Liderlerin ve STK’ların bu çok duyarlı psikolojiyi önemsemeleri ve “hayal kırıklığı” yaratmamaları gerekir.
İçeride Fetöcüler, IŞİD, PKK...
Dışarıda bazı “dost bildiğimiz” kuruluşlar ve devletler...
Bütün bunlar arasında “ortak aidiyette” kenetlenmek “hayat suyu” gibi.
Kimse bu suyu zehirlememeli.
..........................
Her siyasi partinin, iktidarın, STK’ların kendi yarar hesaplarının üzerine çıkarak “umuda yolculuğu” sürdürmeleri zamanıdır.
Dar açılara sıkışmadan geniş görebilmeliyiz.
Bir örnek...
TBB (Türkiye Barolar Birliği) Başkanı Metin Feyzioğlu’nun 70 dolaylarında Baro Başkanı’nı yanına alarak Cumhurbaşkanı Recep Tayyip Erdoğan’ı ziyareti eski defterler açılarak eleştirildi-eleştiriliyor. Oysa...

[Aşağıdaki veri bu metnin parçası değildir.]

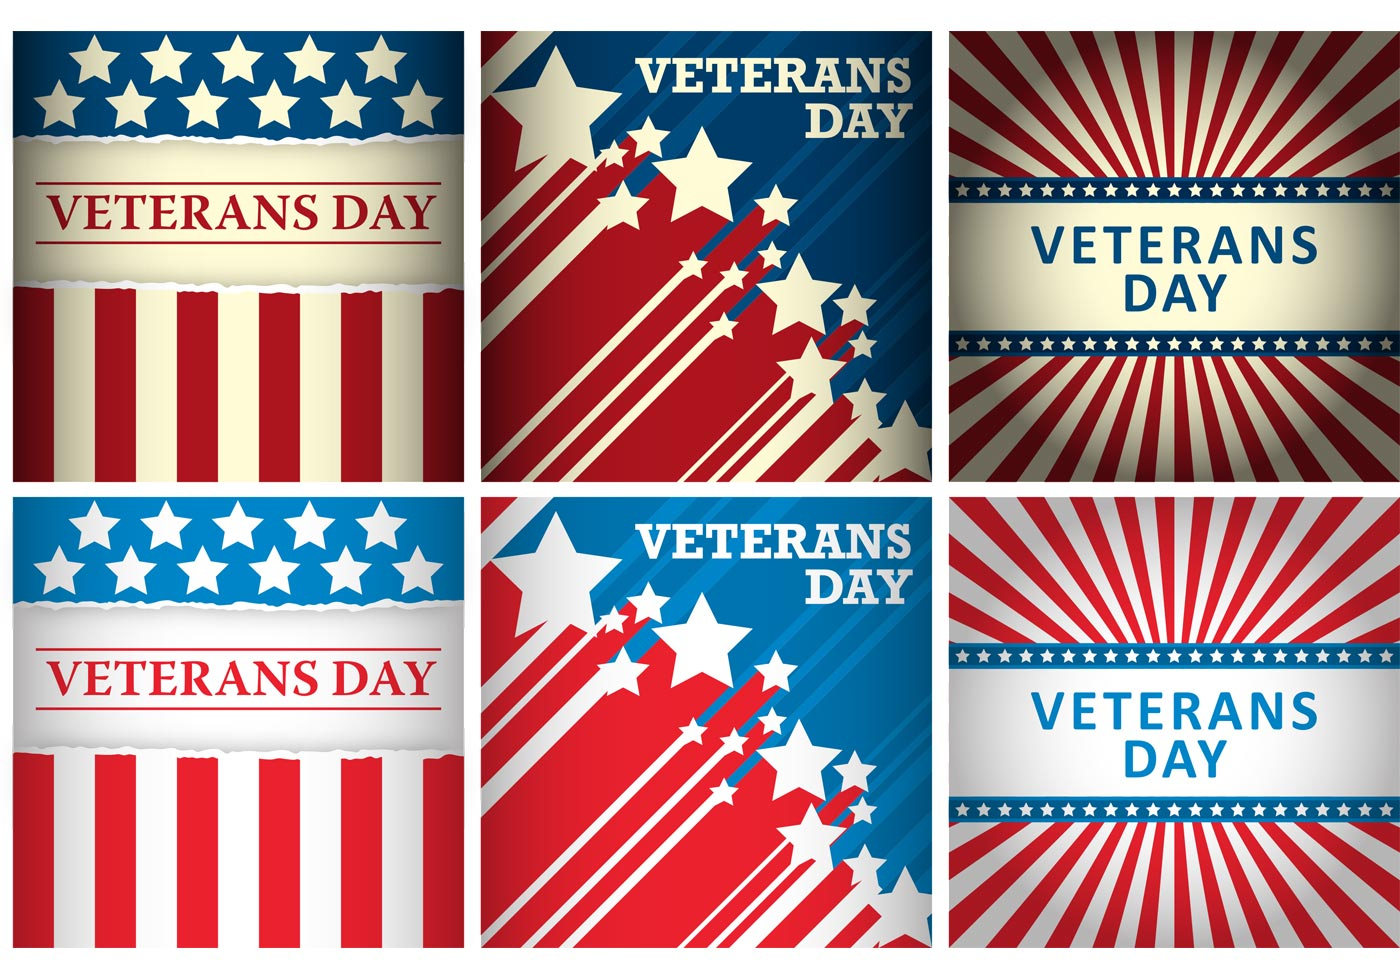 Happy Veterans Day Cards 2018, Thank You Greeting Ecards Free For - Veterans Day Free Printable Cards
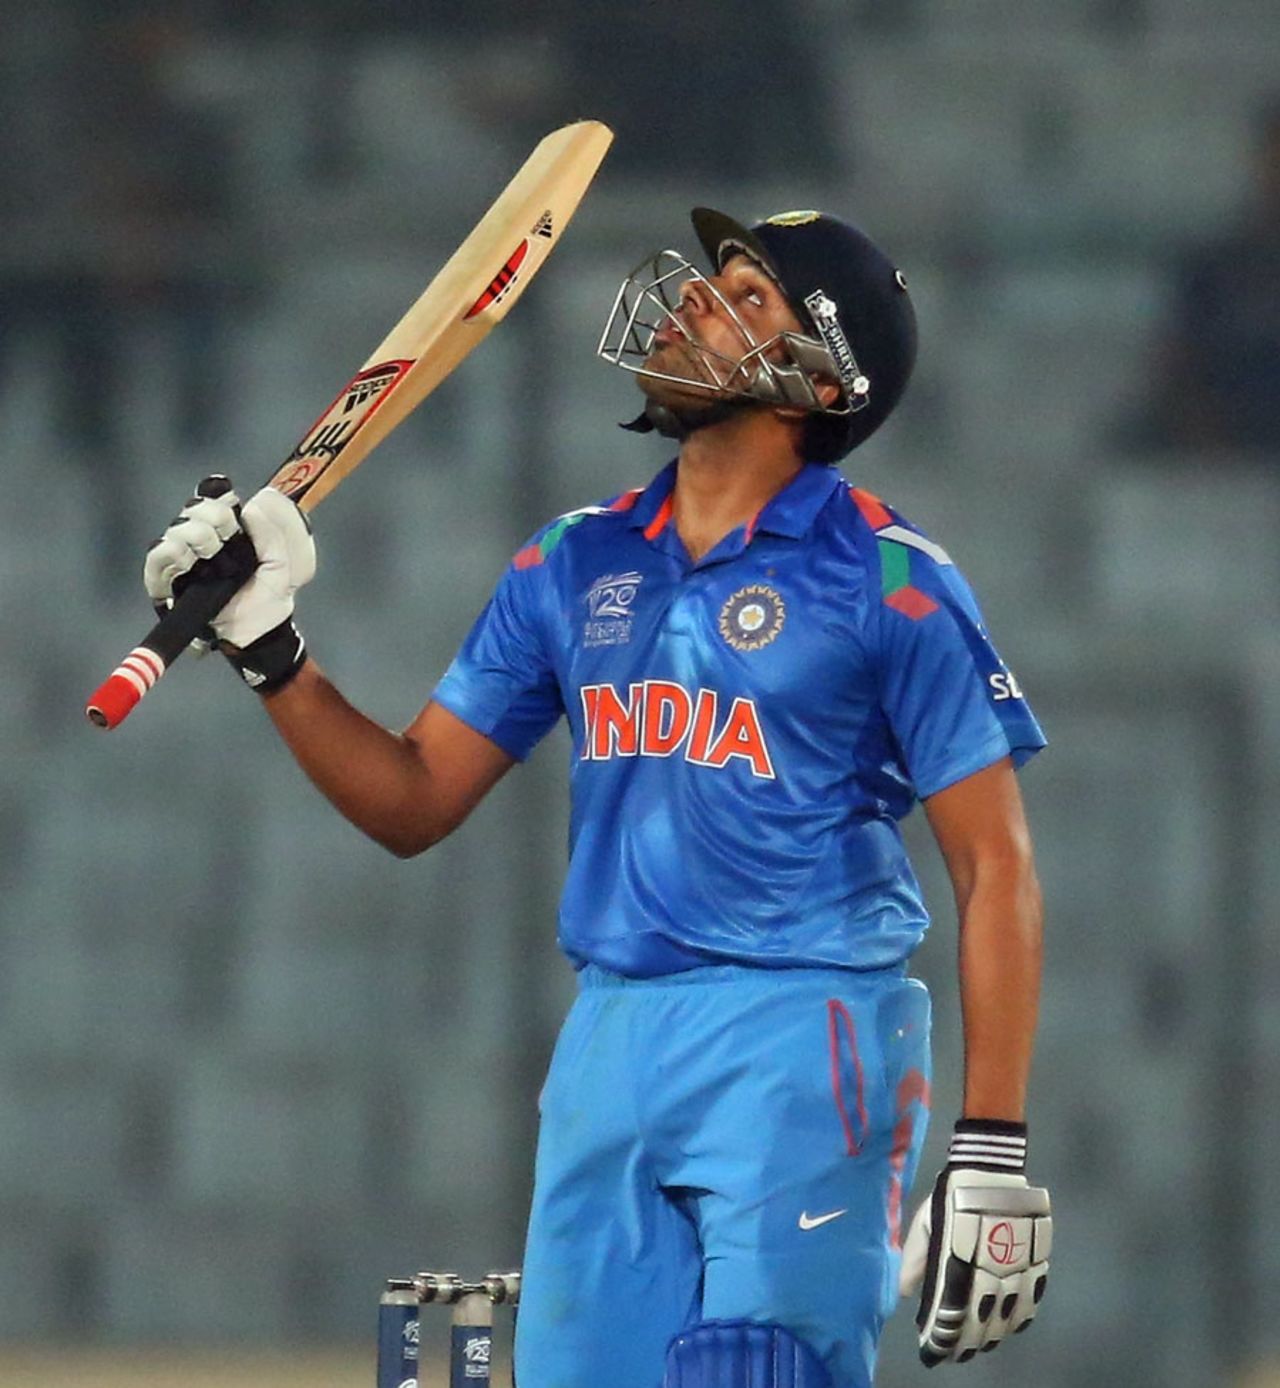 Rohit Sharma raises his bat after reaching a half-century,  India v West Indies, World T20, Group 2, Mirpur, March 23, 2014

16 Temmuz sabahı bambaşka bir Türkiye’ye uyandık.
TSK’nın, diğer güvenlik güçleri ile birlikte halkın, bütün siyasi eğilimleri, etnisiteleriyle omuz omuza darbecileri tükettiği, üst yapıda iktidar ve muhalefet partileriyle güçlü STK’ların demorkasi için bir araya geldiği bir Türkiye’nin güncel ve derin anlamlı vecizesi şudur:
“Konu vatansa geresi teferruattır.”
Atatürk’ün 100 yıl öncesinden bugünlere uzanan bu vecizesi önümüzdeki yolu aydınlatmalı.
Metin Feyzioğlu’nun “hal dili (lisan-ı hali)” işte bu gerçek ışığında yorumlanmalı.
Ne muhalefet partileri, ne STK’lar, ne demokrasi için tavır koyan medya iktidarla ve Beştepe’yle omuz omuza verirken “biat” ediyor değil.
“Özgüvenin” varsa el sıkarsın, omuz omuza demokrasi için kenetlenirsin, birlikte yürürsün.
Kılıçdaroğlu, Bahçeli, Feyzioğlu, medya...
Hepsinin ilkesi budur.
Öncelikli hedef dışarıdan ve içeriden darbelere karşı “dik, kararlı ve güçlü” durabilmektir.